Exceptional New Alumna still values Adams State connections

ALAMOSA — Creating internships for Adams State students, working with the Bureau of Reclamation and speaking to Congress are all in a days’ work for Katherine “Katie” Schultz. The earth sciences major from ASU is doing some moving and shaking of her own.

The young former Grizzly was so admired by the late Rob Benson, Ph.D. and emeritus professor of geosciences, that he nominated the 2015 earth sciences major for the Adams State 2020 Exceptional New Alumna Award just prior to retiring in the spring.

Schultz always seemed to have a friendly smile and open expression when she was on the Adams State campus. But her bright attitude and caring personality didn’t hide her exceptional grit and persistence as a student, and she put her experiences and training from Adams State to succeed in her chosen career, said Benson, who passed away on September 20. She has given back to her alma mater by creating professional paid internships for Adams State students and assisting with an internationally recognized field geology course offered by Adams State.

Older and Wiser

One of the amazing things about Schultz was she was no wide-eyed freshman when she joined the Adams State family. Schultz was 22 and working retail in the Denver area when she decided to return to college. She contacted several Colorado universities and Benson was the only one to respond. “It was the deciding factor in attending Adams State,” Schultz said.

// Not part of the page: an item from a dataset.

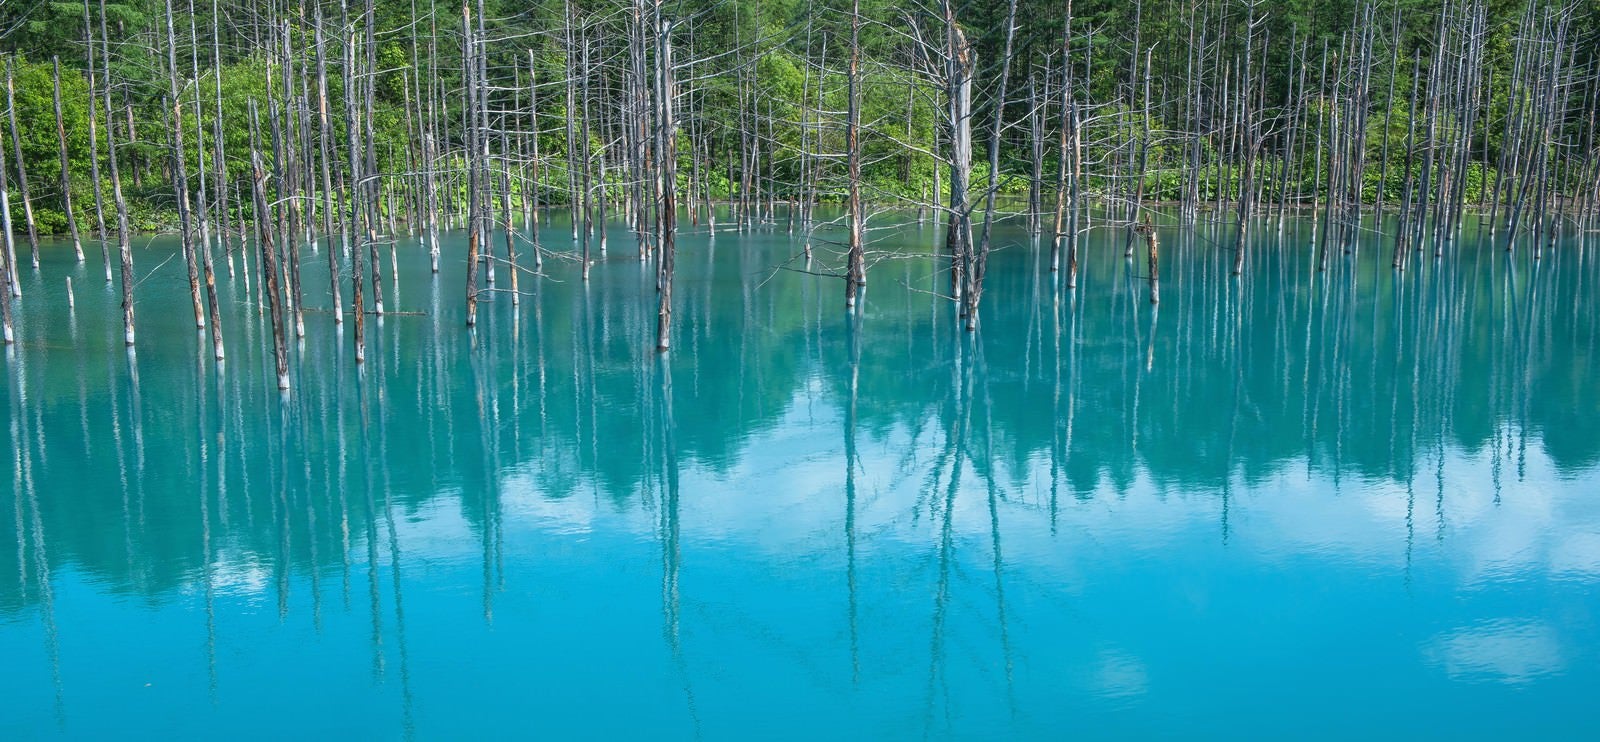 「青い池」の写真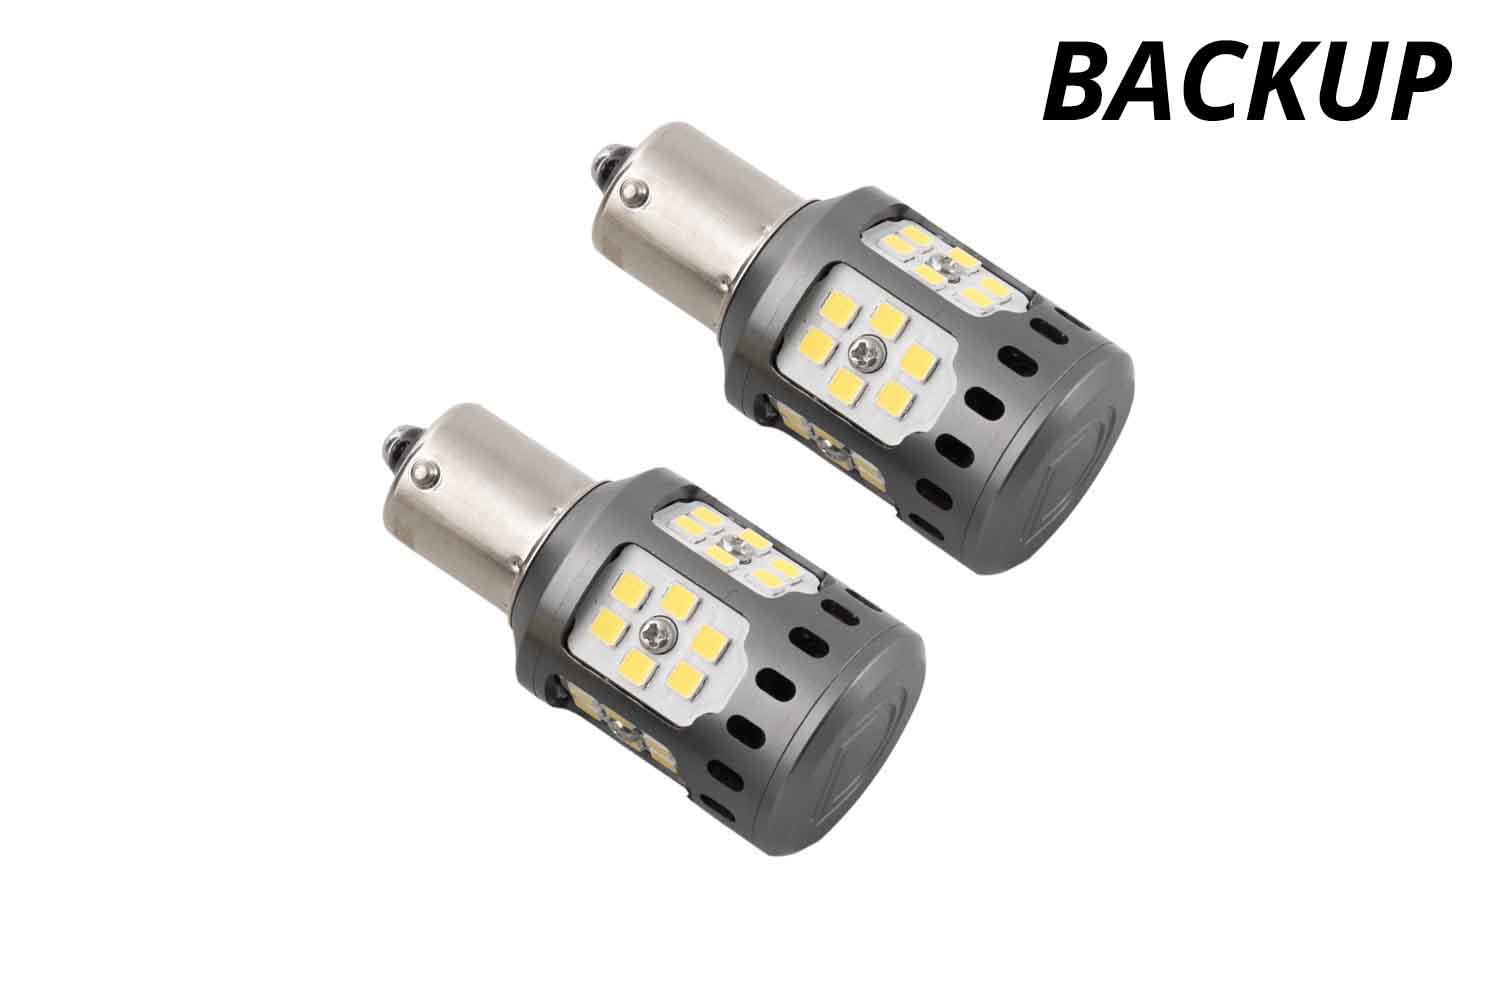 Backup LEDs for 1990-1997 Mazda Miata (pair)

Adams State helped build a foundation for her future success by enhancing her critical thinking and problem-solving skills through hands-on learning experiences. Benson encouraged Schultz to pursue opportunities on campus outside the classroom, which helped her develop interpersonally and become aware of her personal strengths and interests.

“Dr. Benson always made himself available to answer questions, and most importantly, he encouraged me to keep going no matter how difficult or challenging things became, academically or personally. It only takes one person who truly believes in you to make all the difference in your life,” she said.

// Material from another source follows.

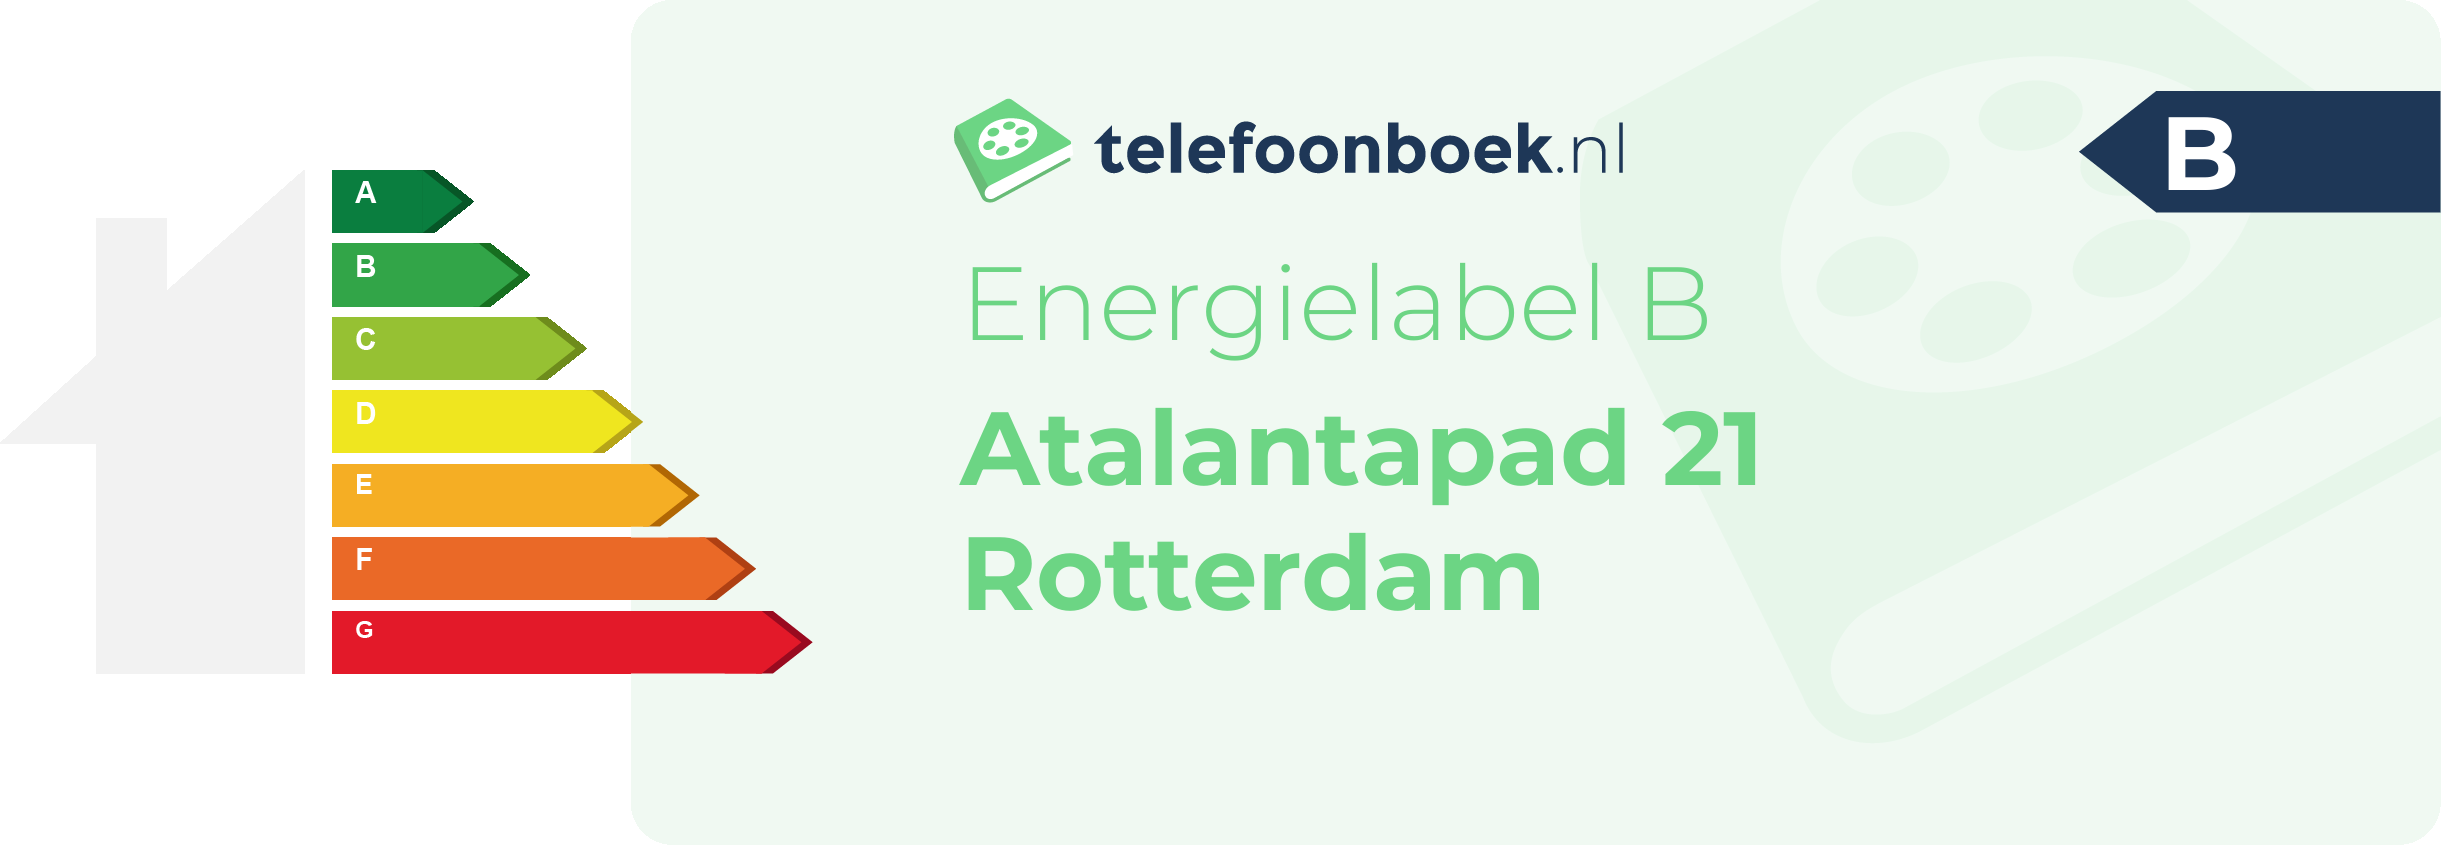 Energielabel Atalantapad 21 Rotterdam

Adams State offered several opportunities for Schultz to participate in field camps and internships, including serving as a teacher assistant. She aided the instructor in developing and implementing a framework for camp logistics, provided support to students in mapping of local geology and intensive scientific writing, helped students on projects, and took on other responsibilities and duties. Schultz also spent a couple college summers working with Andrew Valdez, Adams State Class of 1991 and park geologist at the Great Sand Dunes National Park and Preserve.

Schultz earned a graduate certificate in geographic information systems in 2018 from the University of Denver and that same year accepted a position as program analyst with the Bureau of Reclamation.

Creating Paths for Other Students

She helped create an internship with the U.S. Bureau of Reclamation Alamosa Field Division, in partnership with the Great Basin Institute. Since its initiation in 2019, two Adams State students were accepted into the program. The Bureau of Reclamation kept the Adams State demographic in mind during development of the internship, therefore preparing the student for the work and expectations of the job duties, ultimately setting them up for success.

“It was important to restrict the internship to a local Adams State student because local internships not only help connect interns with their community, it also demonstrates how the work they do has a meaningful impact for other people and the environment around them,” Schultz said.

She began her career with the Bureau of Reclamation as an intern in 2017. In her position as a program analyst she has traveled to cities across the western United States, giving presentations to stakeholders, water managers, and irrigation districts about the federal agency’s WaterSMART Program. She was involved in planning a Reservoir Operations Workshop for more than 80 people that brought together reservoir operators, modelers, forecasters, and decision makers to communicate ideas and solve problems, and assisted on a proxy reservoir sedimentation rate project.

Schultz is currently working on a collection of maps she will use to produce a report to Congress regarding water supply and demand in the western United States.

And her professional accomplishments have allowed her to achieve a major personal accomplishment: “I just purchased a new home in southwest Denver,” she says happily.